The purpose of GPU is to do matrix multiplication that are relevant for 3D rendering.
But what about 2D?
Does it make sense for 2D games like GPU to require GPU to improve performance?
A GPU is required in order for a computer to output anything on a screen. In the majority of cases, a PC won't even boot without a GPU, which highlights how important a component it is.
The purpose of GPU is to do matrix multiplication that are relevant for 3D rendering.
That's a capability of a GPU, not it's sole purpose.
In order to render anything on a screen, you need a GPU. That includes 2D and 3D graphics. So yes, it makes sense that a 2D game uses the GPU - same with everything else on your monitor.
Edit: Just to clarify, when I say GPUs, I am referring to both proper GPUs and CPU integrated graphics.
move
bytes around and draw to RAM, and have some circuitry to create a video signal from some RAM area.

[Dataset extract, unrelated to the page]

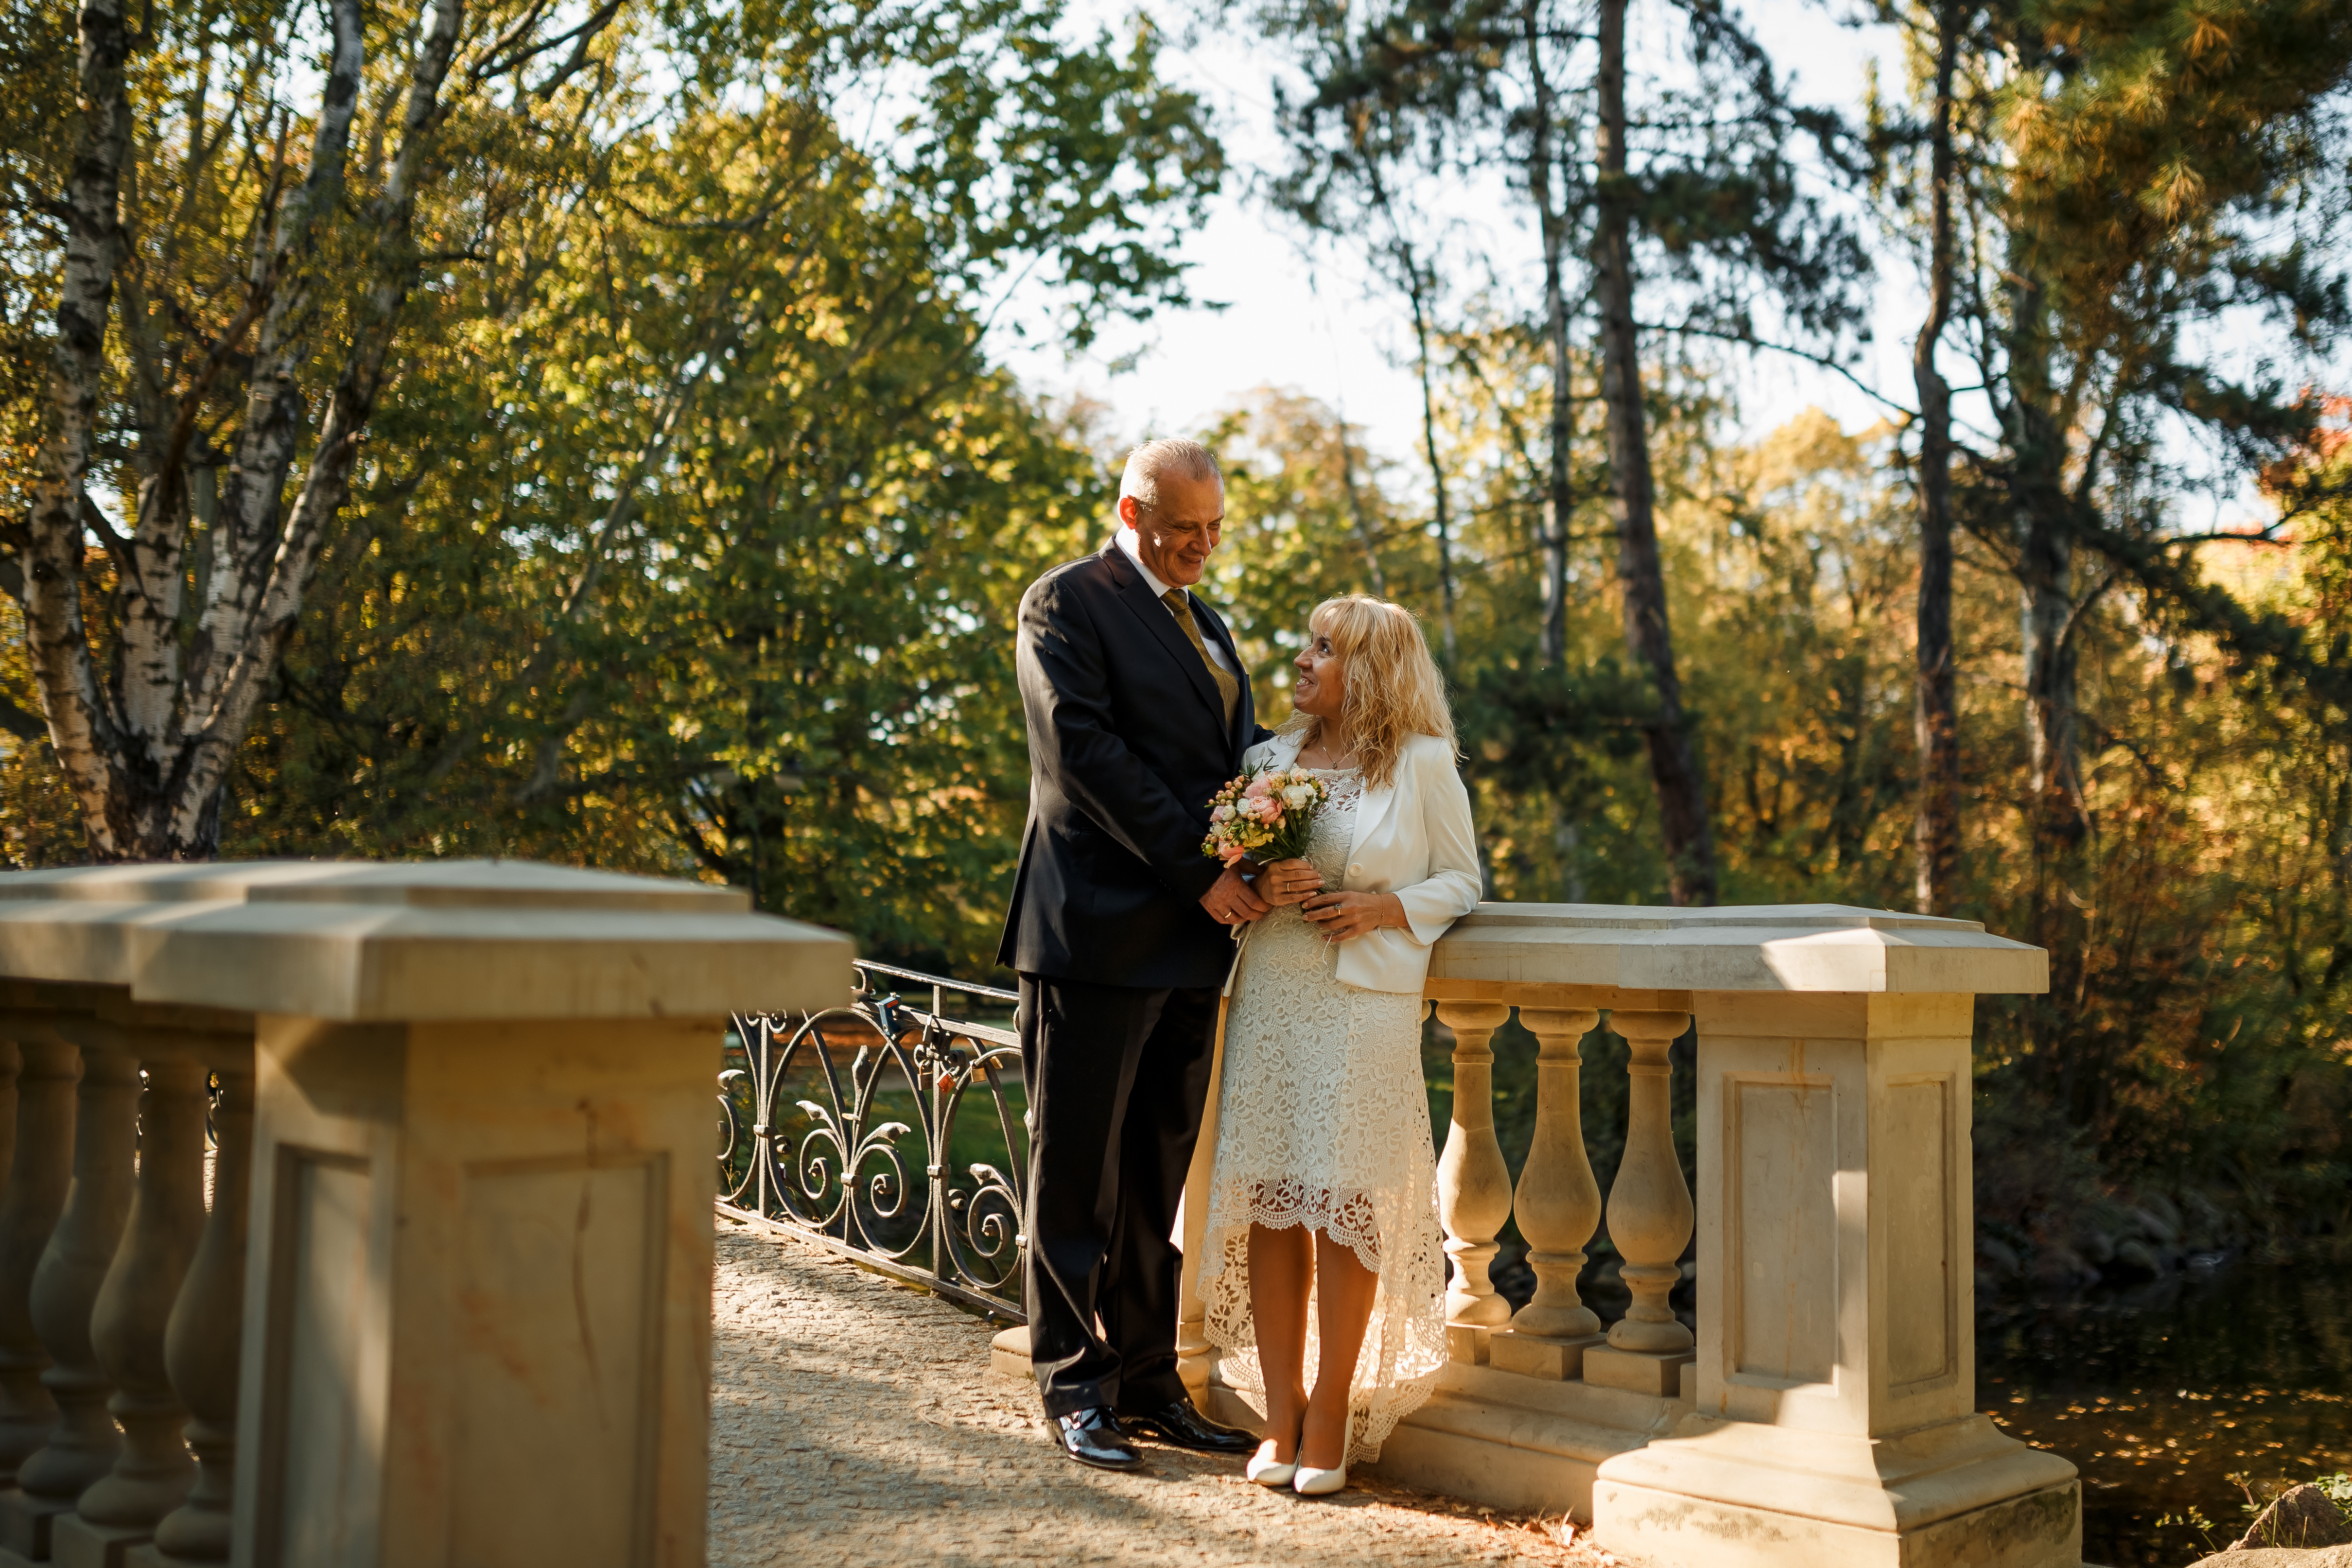 Замуж за поляка, какие трудности и сложности предстоят перед тем как выйти замуж за посляка
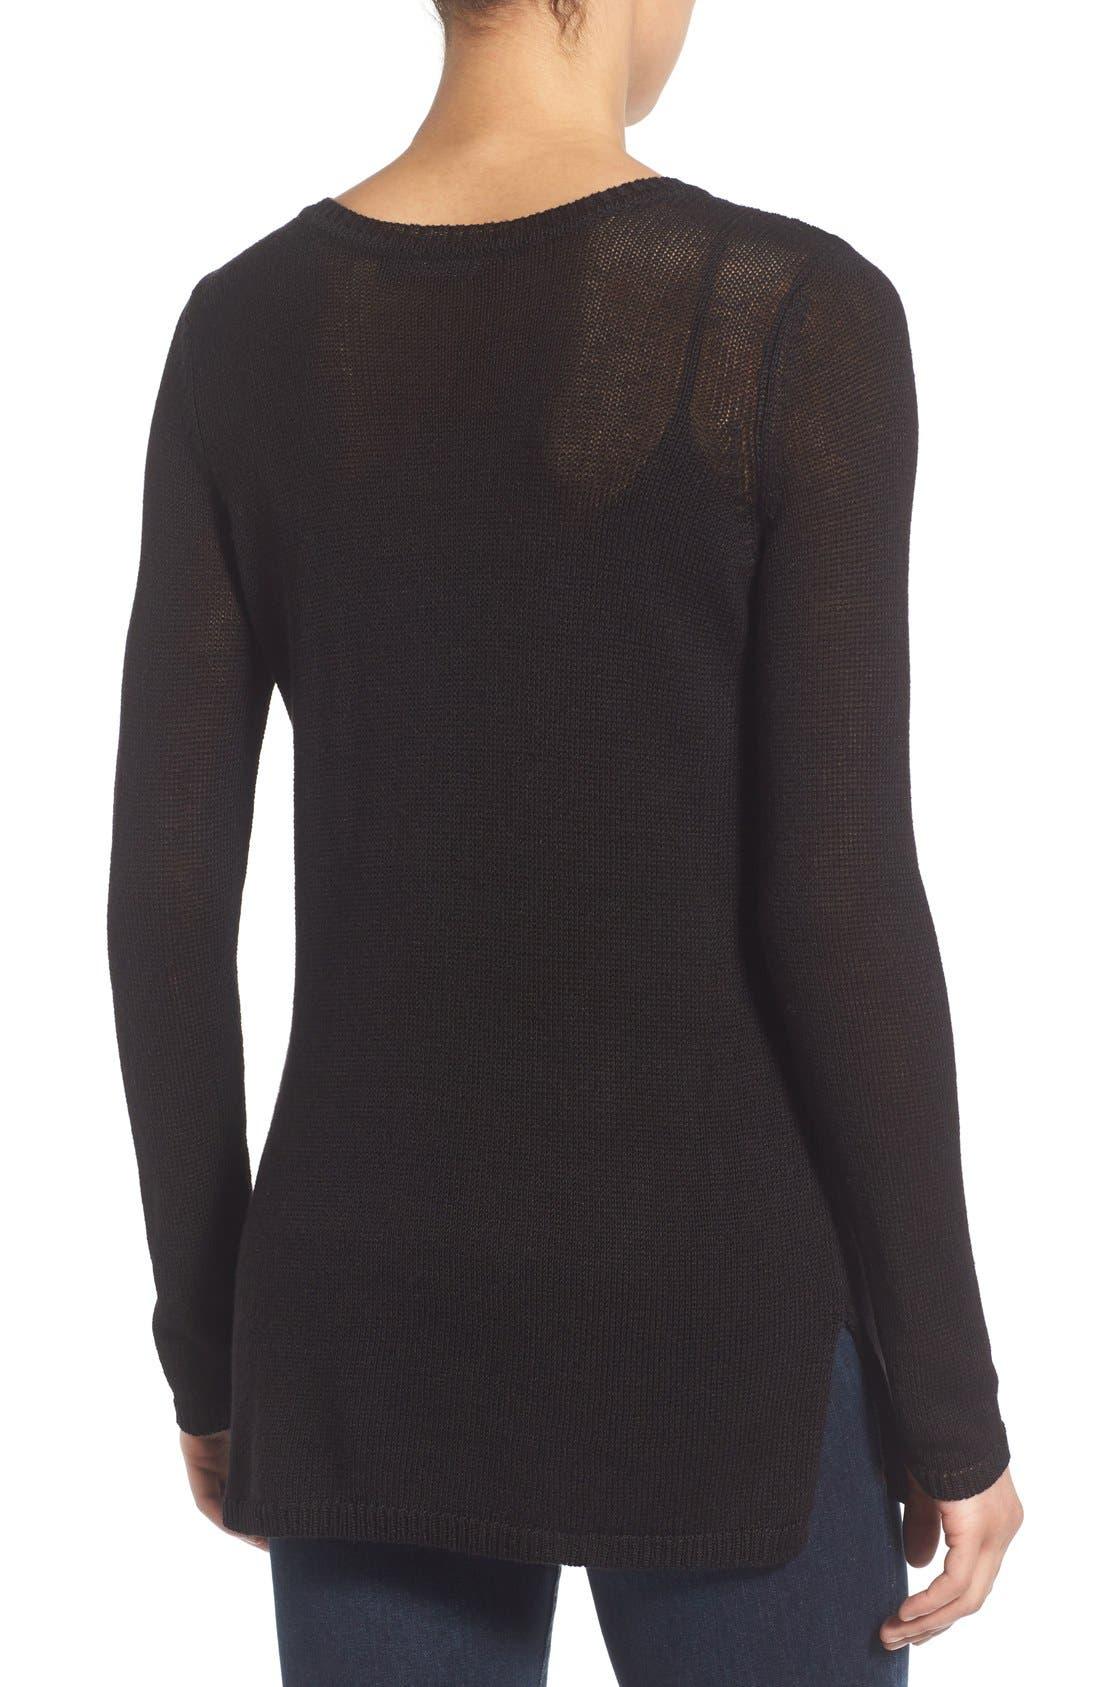 Alternate Image 3  - NIC+ZOE 'Speared' Print Lightweight Sweater

With respect of Kingdom Rush - it is so old that a discrete video card is not required. The minimum specs are apparently a GEForce 205. I could not find a comparison with that card, but the more powerful 210 is slower then the GPU built into the Intel CPU's of the time - and that was 7 years ago. (See https://gpu.userbenchmark.com/Compare/Nvidia-GeForce-G210M-vs-Intel-HD-4000-Mobile-125-GHz/m8875vsm7653). Similarly with the 8500GT - https://gpu.userbenchmark.com/Compare/Nvidia-GeForce-8500-GT-vs-Intel-HD-4000-Mobile-125-GHz/m7777vsm7653
Fom a practical POV,in general a 2d game does not require a discrete GPU as built in GPUs are more then fast enough. (Im not a gamer. I can posit some edge cases with 2d games at 4k or 8k resolution which might struggle, but that does not make a lot of sense in the general case)
As others have answered, technically a GPU is required - however a reasonable GPU is often built into CPU's - this is certainly the case for the overwhelming majority of non ancient Intel CPU's. A discrete GPU can help with complex rendering - typically associated with 3d (but usable for a lot of ither things as well)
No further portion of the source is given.